When Mr. Kadir was shown into his room it annoyed Charles to see the little man still looking fresh and dapper. It was obvious that he had just shaved and put on a clean shirt.
“You called for me, Foreign Secretary?” asked Mr. Kadir politely, as if he had been invited to afternoon tea.
“Yes,” said Charles. “We wished to be certain that you are aware of the vote taken at the United Nations an hour ago supporting the United Kingdom’s Resolution 12/40.”
“Yes, Foreign Secretary.”
“In which your Government was condemned by the leaders of ninety percent of the people on the globe”—a fact the Permanent Under-Secretary had fed to Charles a few minutes before Mr. Kadir had arrived.
“Yes, Foreign Secretary.”
“My Prime Minister is still waiting to hear from your Head of State.”
“Yes, Foreign Secretary.”
“Have you yet made contact with Colonel Gaddafi?”
“No, Foreign Secretary.”
“But you have a direct telephone link to his headquarters.”

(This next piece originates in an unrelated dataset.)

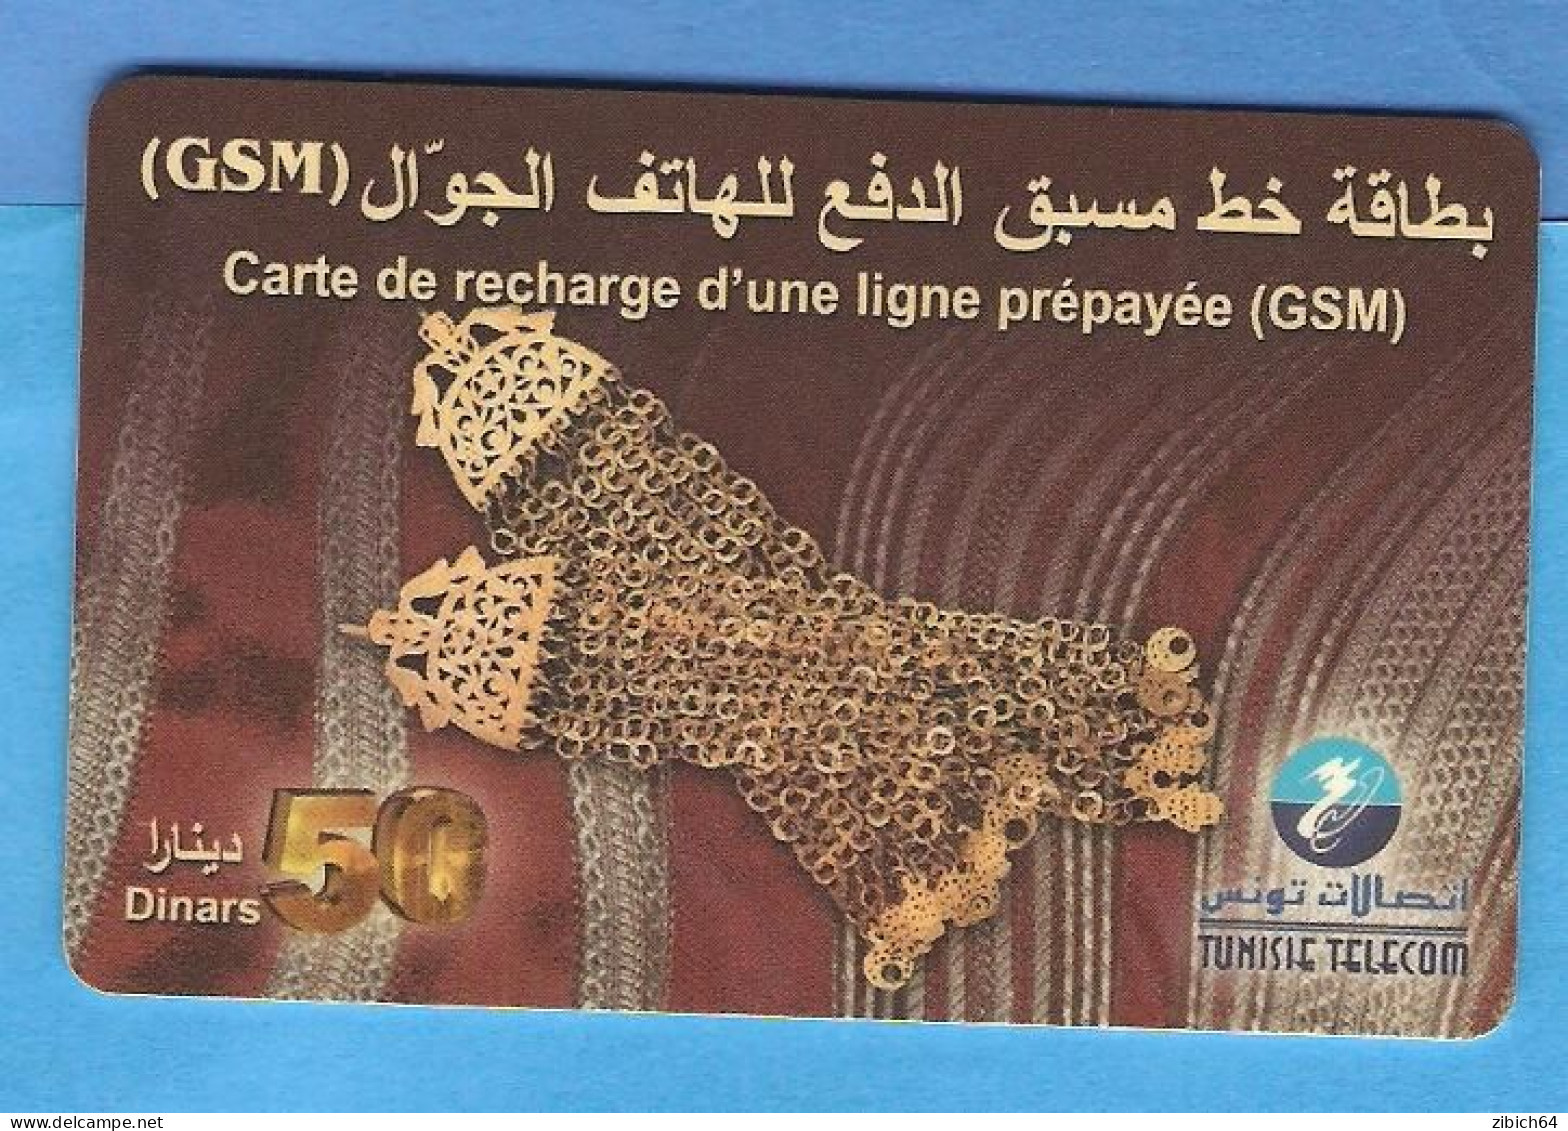 TUNISIA Prepaid Phonecard - Tunisie
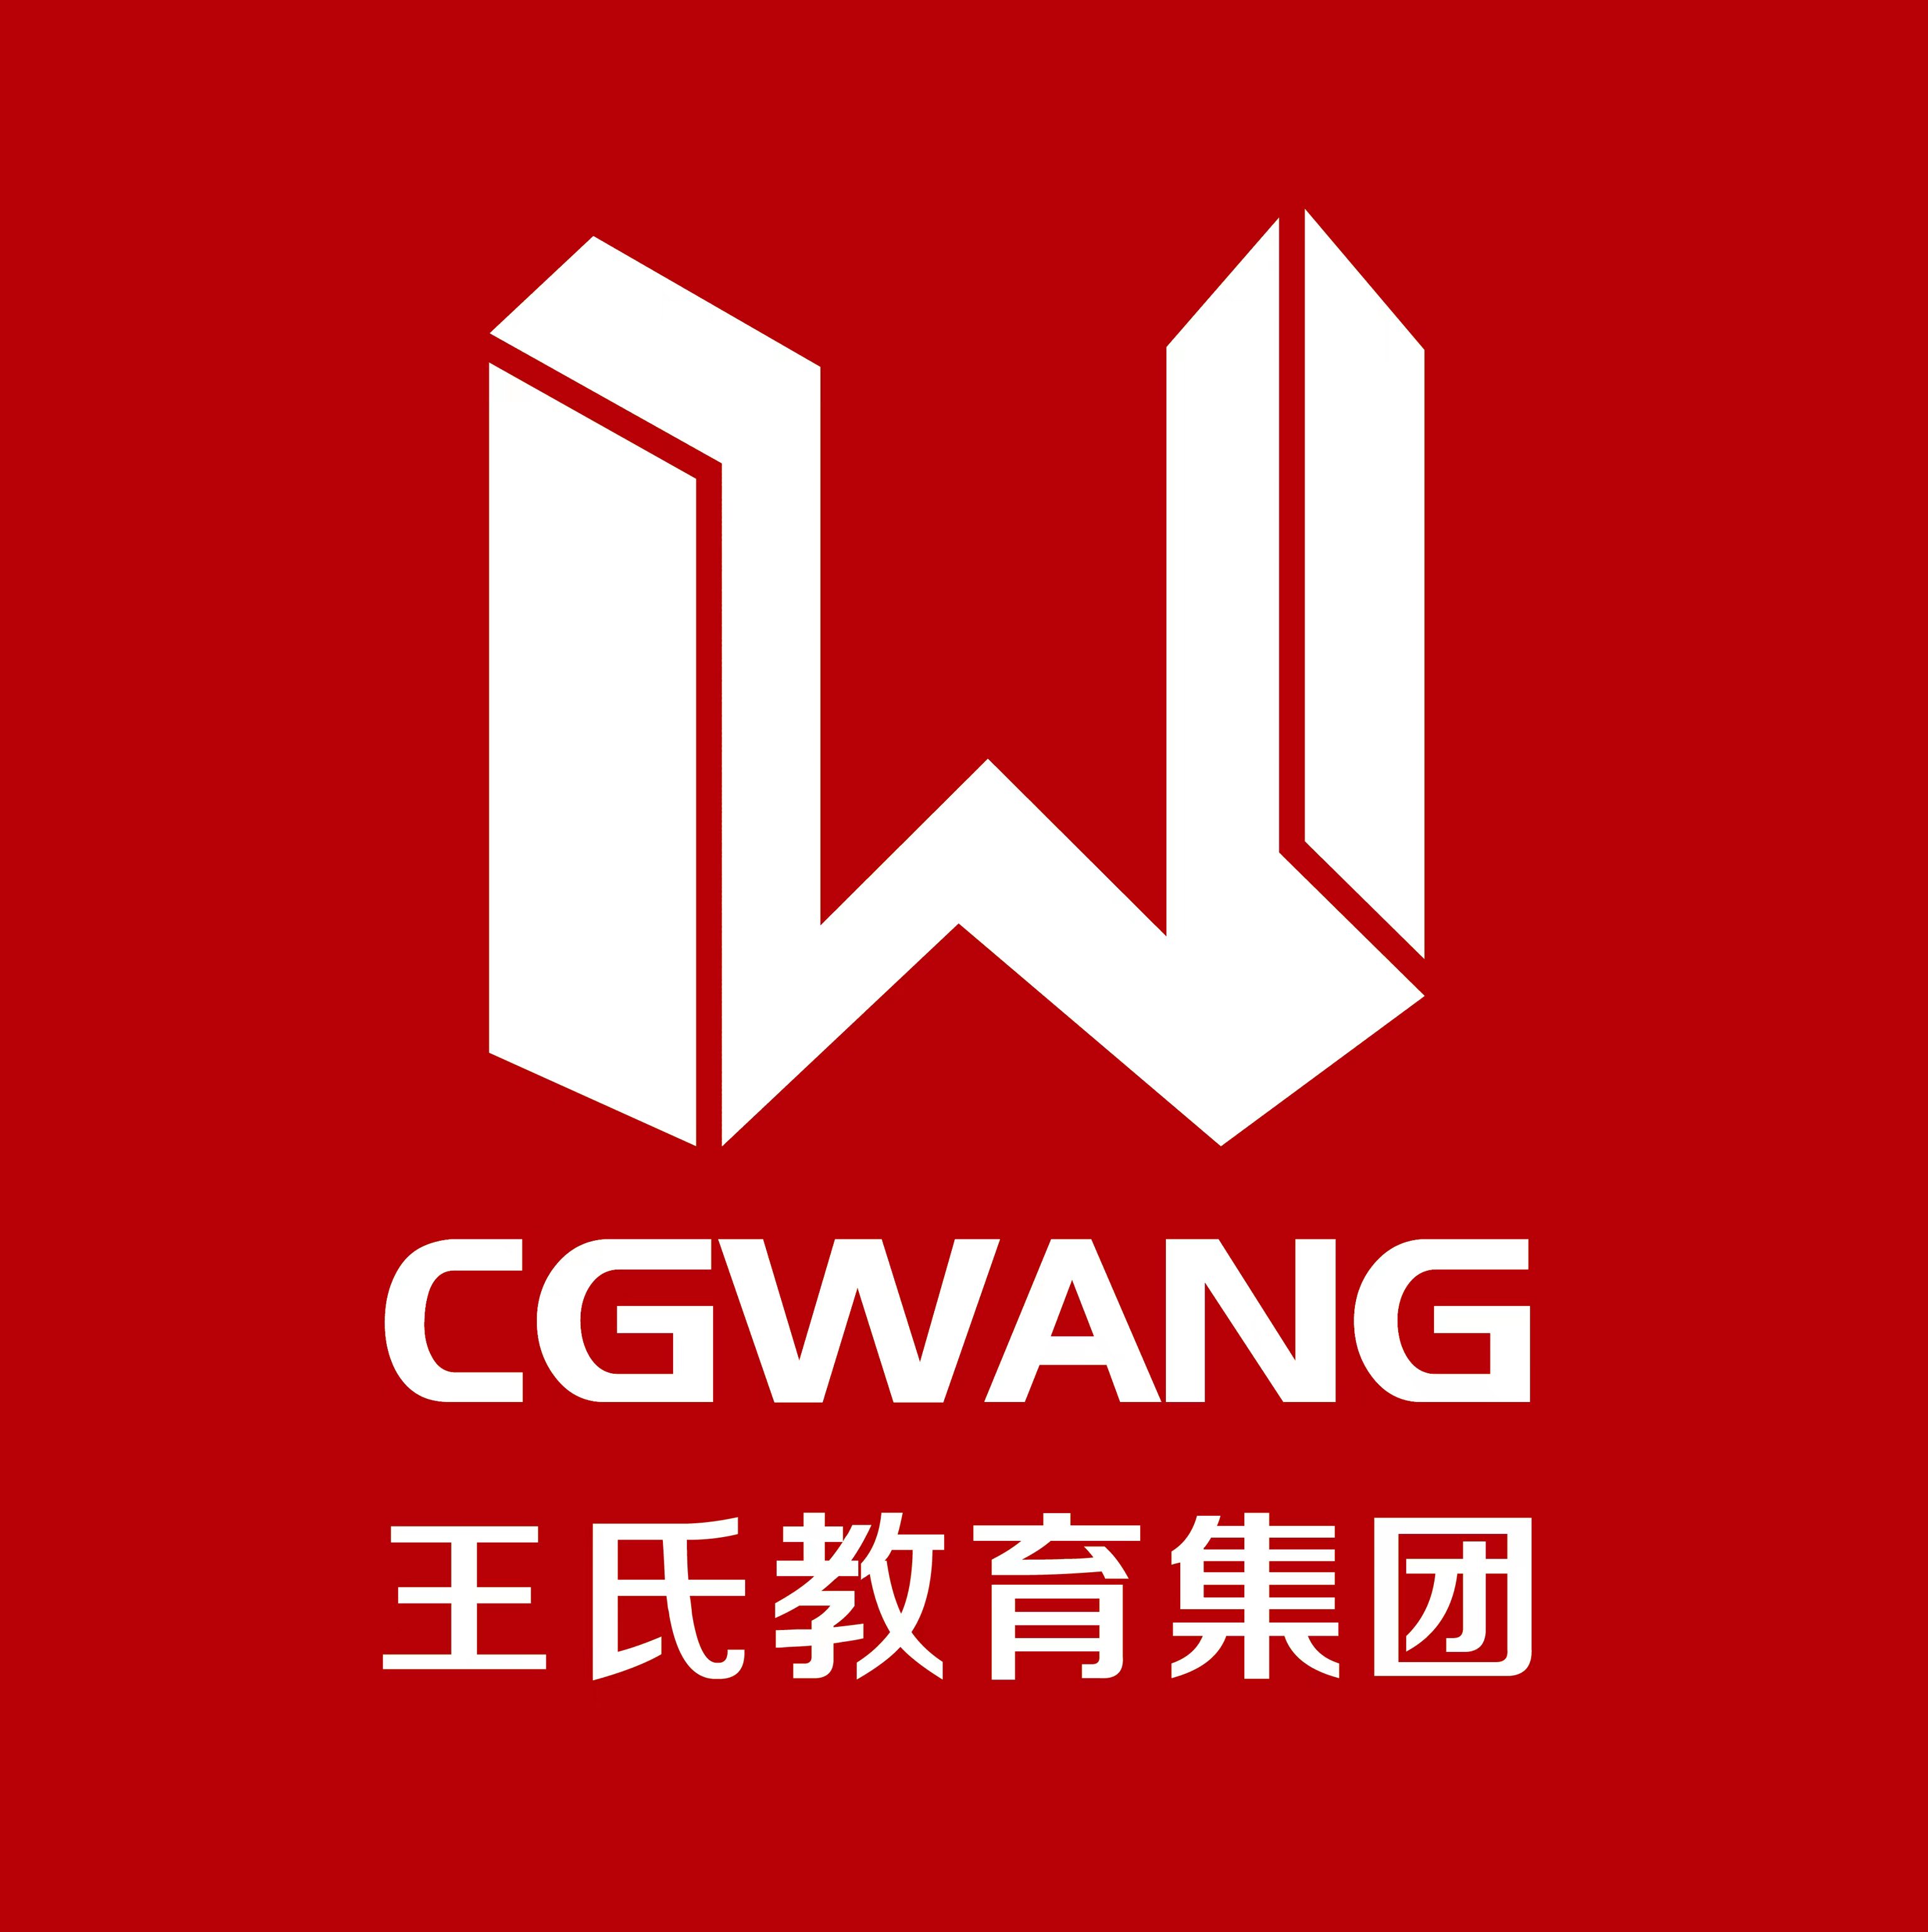 CGwang王氏教育培训机构

“Then you will be only too aware, Foreign Secretary, that I have been unable to speak to him,” said Mr. Kadir with a wry smile.
Charles saw the Permanent Under-Secretary lower his eyes. “I shall speak to you on the hour every hour, Mr. Kadir, but do not press my country’s hospitality too far.”
“No, Foreign Secretary.”
“Good night, Ambassador,” said Charles.
“Good night, Foreign Secretary.”
Kadir turned and left the Foreign Office to be driven back to his Embassy. He cursed the Right Honorable Charles Seymour. Didn’t the man realize that he hadn’t been back to Libya, except to visit his mother, since the age of four? Colonel Gaddafi was ignoring his ambassador every bit as much as he was the British Prime Minister. He checked his watch: it was two forty-four.
Simon’s helicopter landed in Scotland at two forty-five. He and Sir John were immediately driven to the dockside, then ferried out to HMS Brilliant through the misty night.